The film, a gripping and timely documentary film that explores the crucial issues of violence on the border, corruption and power in Mexico, and the struggle for 'free-speech', follows veteran reporter Sergio Haro and his colleagues at Semanario Zeta, a Tijuana, Mexico-based muckraking weekly, as they stubbornly ply their trade in what has become one of the deadliest places in the world to be a journalist.
“Impunity reigns in Mexico, especially here along the northern border,” explains Adela Navarro, Sergio’s boss and Zeta’s co-director. “With guns and money, drug traffickers have control over police, judges, prosecutors, and entire towns. More than 40 journalists have been slain or have vanished in Mexico since December 2006, when President Felipe Calderón came to power and launched a government offensive against the country’s powerful drug cartels and organized crime groups. This makes investigative journalism extraordinarily difficult.” So difficult, that Semanario Zeta continues to receive new threats.
Despite these threats and attacks, the weekly continues its singular brand of aggressive, investigative reporting. “Through Ruiz's brave and trenchant filmmaking we begin to understand the heavy sacrifices involved in refusing to be silenced,” writes Meghan Monsour, programmer of Ambulante, the celebrated traveling documentary film festival created by Gael García Bernal, Diego Luna, and Pablo Cruz.
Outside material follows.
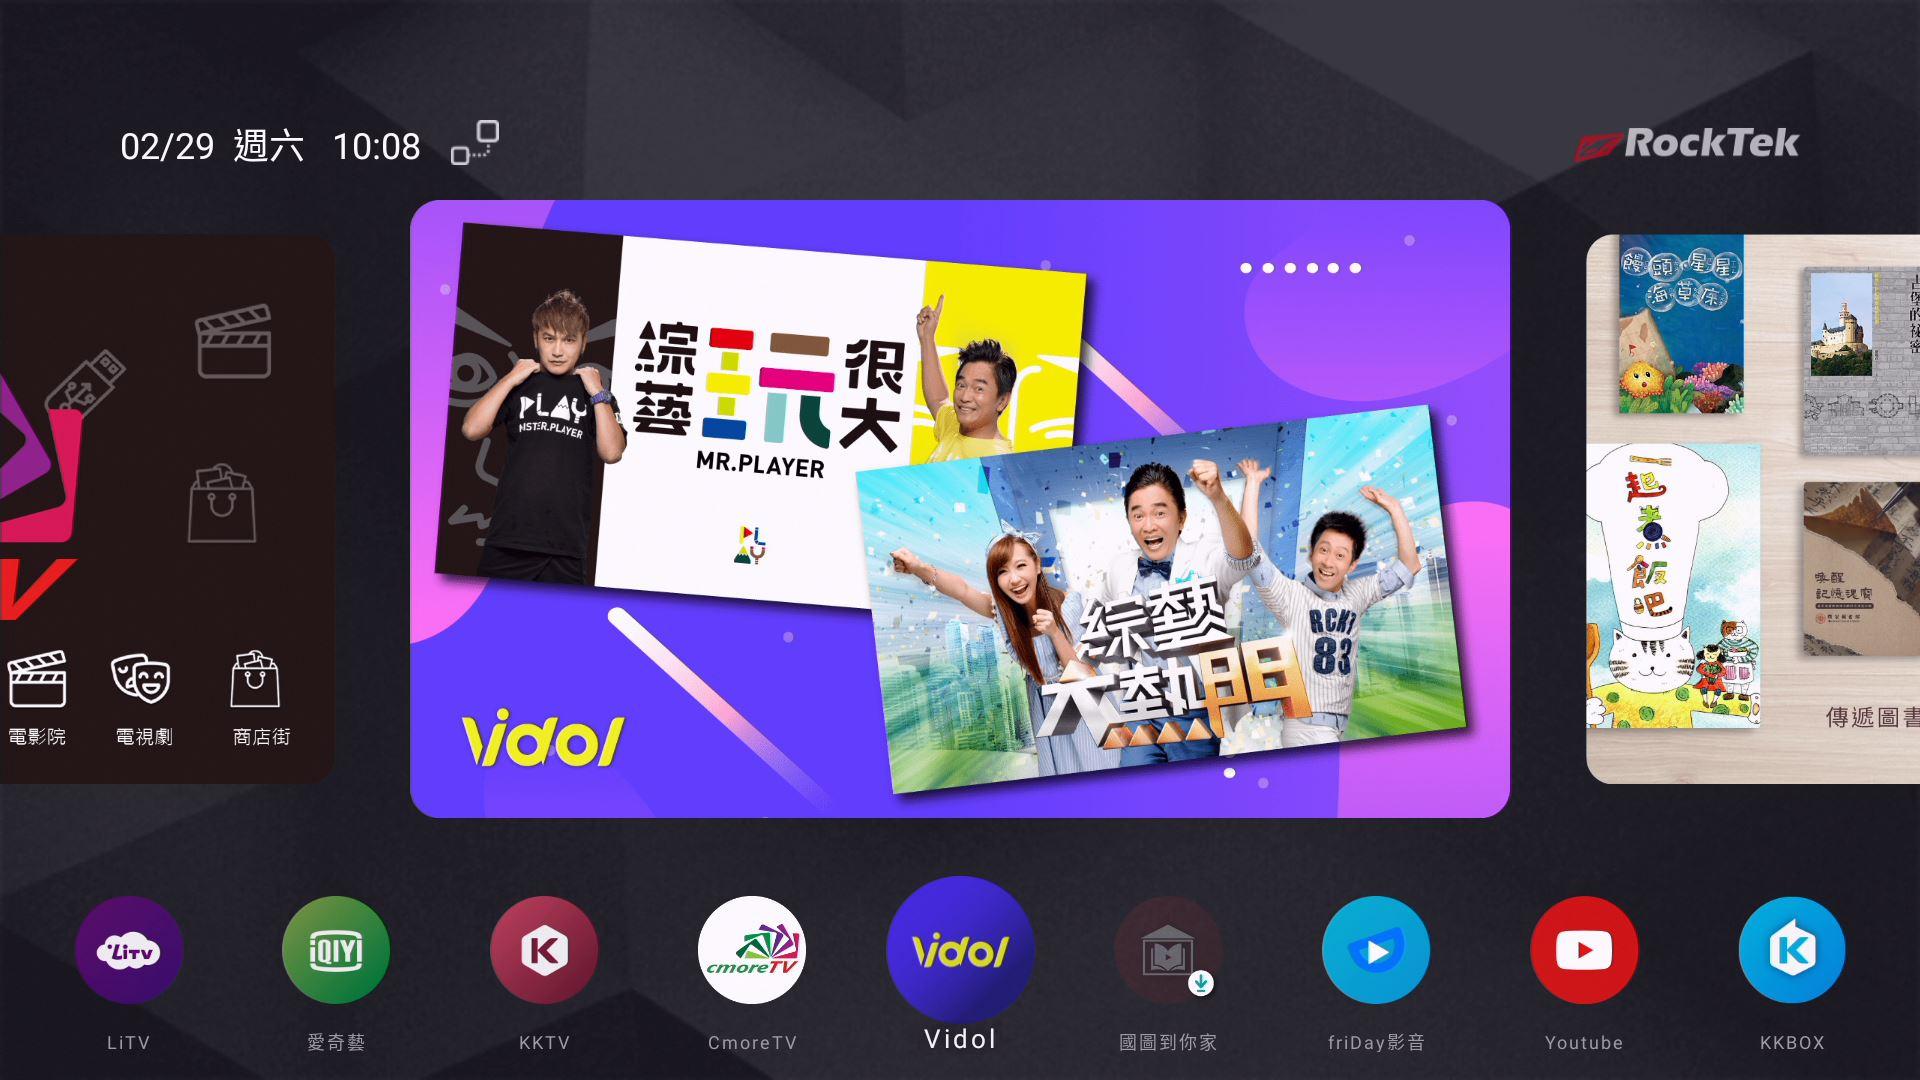 雷爵RockTek X3 PRO越級旗艦4K HDR智慧電視盒-搭載超順暢Android 9.0人性化界面,電視追劇看到飽!

Combining the techniques of journalism and cinematic documentary, Reportero delves into “the psychology of investigative journalism,” (Univision) taking the viewer in to the tough decisions that journalists like Sergio Haro make every day.
Reportero, which was recently profiled and reviewed by San Diego Union-Tribune, Univision, Vice Mexico and cited in The New York Times, is currently on a 12-city tour of Mexico through, Ambulante. The film just screened this past weekend to sold-out houses in Tijuana and a special “advance screening” at the San Diego Latino Film Festival, and it will play in the Northern Mexican city of Mexicali on March 20 and 21. The film will also be screened at select festivals and venues throughout the spring and summer.